Para melhor definirmos o que vem a ser a economia do suplemento segue a

explicação abaixo:

Para Bakthin quem faz a ligação entre significado e significante é o usuário,

dependendo da ordem histórica e social. Por exemplo, casa (significante) terá

diferentes significados em diferentes épocas, contextos sociais, etc. Antes de

chegarmos ao significado precisamos lembrar o espaço social, a ideologia. Este é o

espaço da anterioridade. Não devemos confundir signo lingüístico com símbolo.

Símbolo não pressupõe outros significados. É convencional, pois não depende de

interpretação. É uma convenção social, fixo, estável e imutável. Já o signo é aberto,

mutável e depende da ideologia. A identidade é como o signo, ela pode mudar.

Saussure havia dividido o signo em significado/significante sem possibilidade de

divisão – ao se deparar com uma palavra, ela chama à consciência um determinado

significado. Derrida negara essa separação como se fossem dois pólos separados

afirmando que o significado não existe em si.

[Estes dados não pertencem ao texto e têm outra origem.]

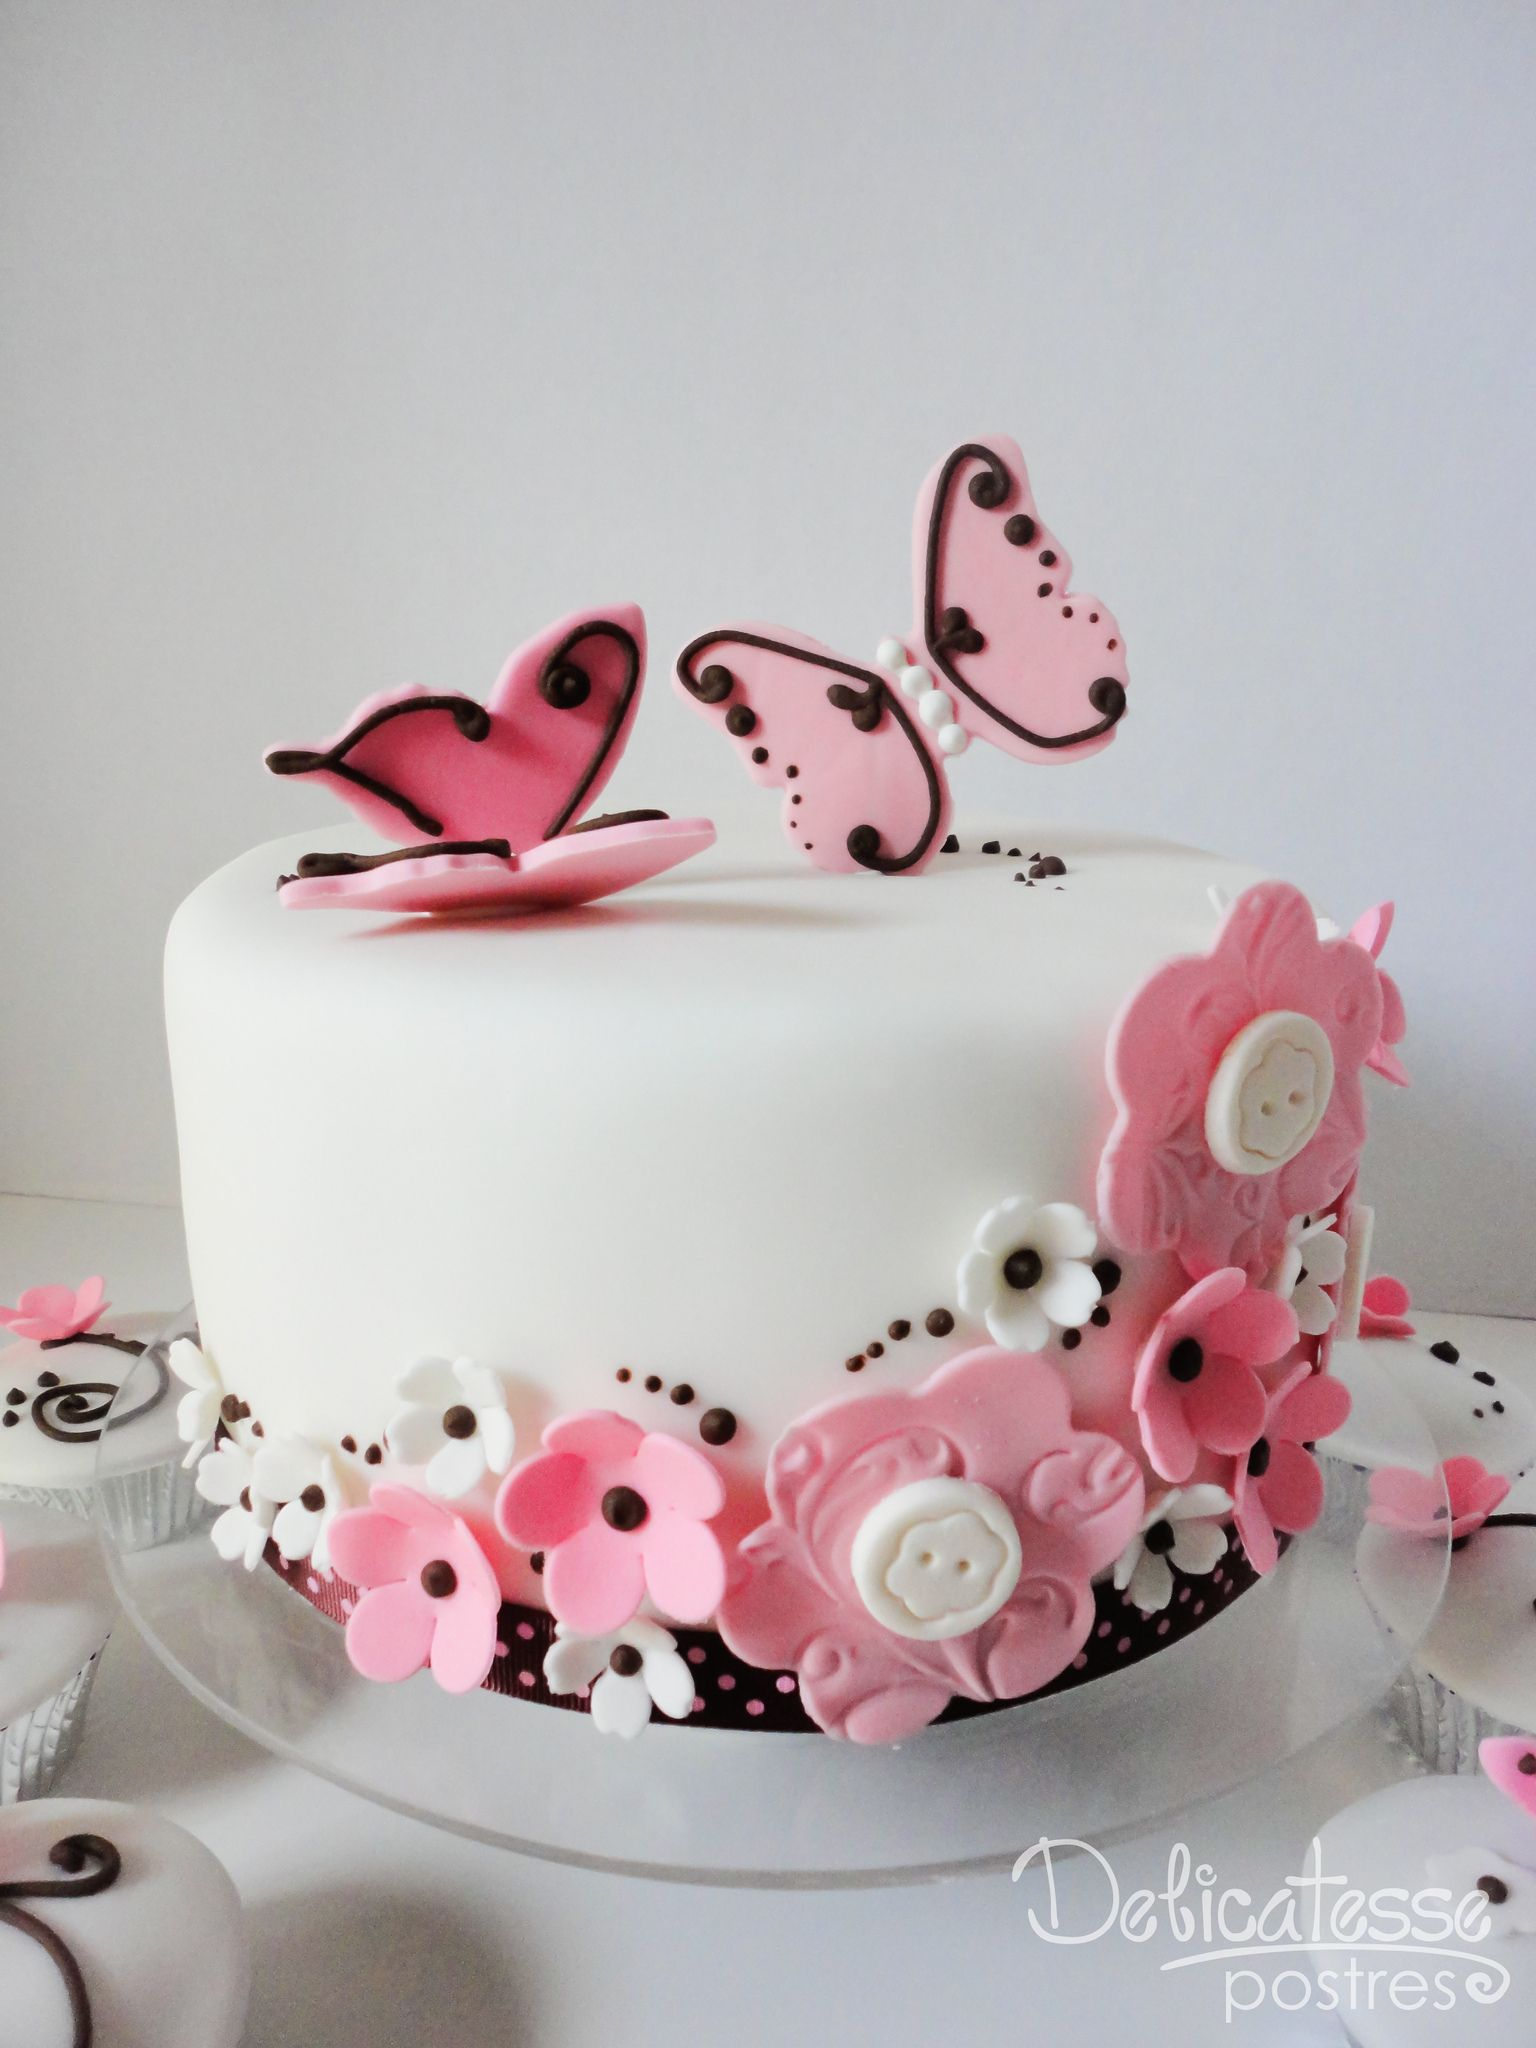 https://flic.kr/p/bwfZeh | Flowers & Butterflies Choco Pink Cake

Fazendo uma associação entre a economia do suplemento e o conceito de

Bhabha encontramos três momentos da colonização. No primeiro momento, ao

deparar-se com a rejeição, o colonizado tenta igualar-se ao colonizador, que

ridiculariza esta tentativa. Depois vem a fase da vingança, com um discurso

semelhante ao do colonizador. E por fim o equilíbrio em que o colonizado percebe

que não existe essência, ele é híbrido.

3 Idem.

4 BHABHA, Homi. DissemiNation: Time, narrative and the margins of the modern nation. In: ________. The

Location of Culture. Routledge, 1994. p 40-65.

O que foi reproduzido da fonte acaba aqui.